The characteristics of a happy marriage are achieved through years of being perfected by the day-to-day events and trials of life. Couples who are united in their faith do not work on their marriage in their own strength but call upon the grace and strength of the Lord who supports and guides them. The gifts of the Holy Spirit and the characteristics that stem from them are the natural, positive consequences from love that grows from knowing the Lord and walking with Him. Studying God’s Word, hearing God’s Word, applying God’s Word, and understanding the saving grace of God through Christ brings a change of heart that allows the Holy Spirit to help couples apply biblical principles to their marriage.
If you are married but your spouse does not know the Lord, he may know godly principles and may be applying them naturally to your marriage. Unbelievers can instinctively know the principles of treating someone with love and respect as God established the principles in our hearts from the beginning (Romans 1:18-20). Believers can also know these principles but not be applying them consistently causing difficulty in their marriage. Unfortunately, the divorce rate is fifty percent in the church as well as outside the church. If you are having relational difficulties in your marriage, do not give up. Pray for your spouse and focus on sacrificially applying godly principles yourself that result in the fruit of the Spirit. Grow in your relationship and devotion to the Lord. Attend a strong, Bible-believing church. Do not harass your spouse about attending with you. Let him decide on his own. The Holy Spirit will draw him and at the right time, he will respond.
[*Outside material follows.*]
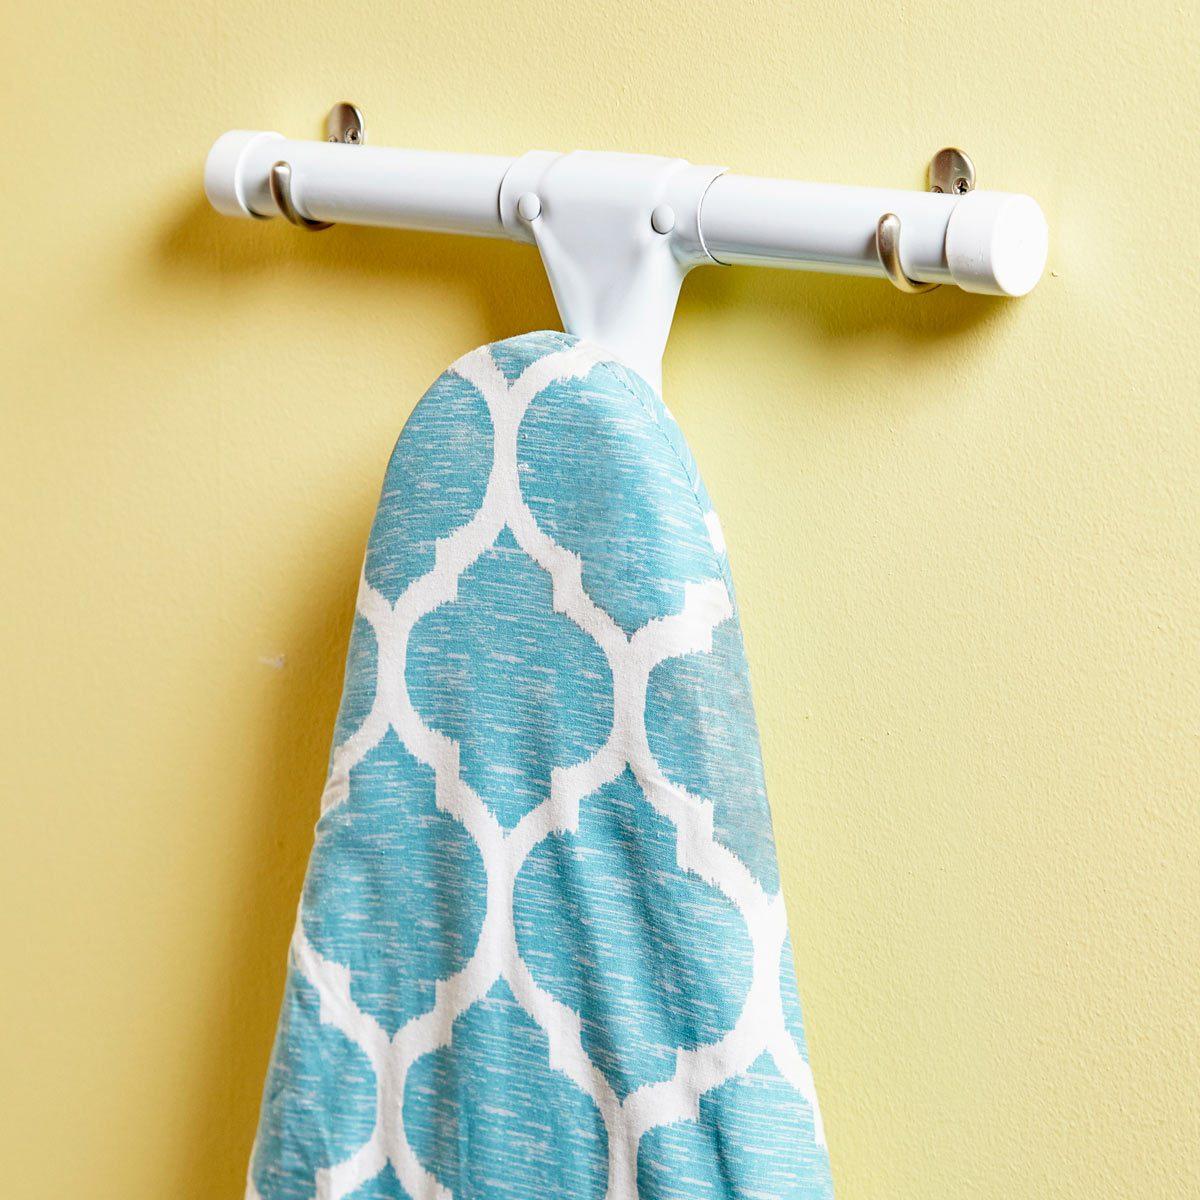 HH ironing board holder

Marriage is a perfect environment for life-long sanctification in the Lord. It has all the challenges and situations that can help a person become more Christ-like. It also has more rewards of happiness and success than any other relationship. It not only has rewards for the individual but also for those who are affected by a happy married couple, especially children and grandchildren. The legacy of a happy marriage goes on for generations and generations. A happy marriage also strengthens the church body and society.
There is hope to achieve a happy marriage. Looking back I must say that I am more than “reasonably happy” and satisfied with our marriage. “May the God of endurance and encouragement grant you to live in such harmony with one another, in accord with Christ Jesus” (Romans 15:5).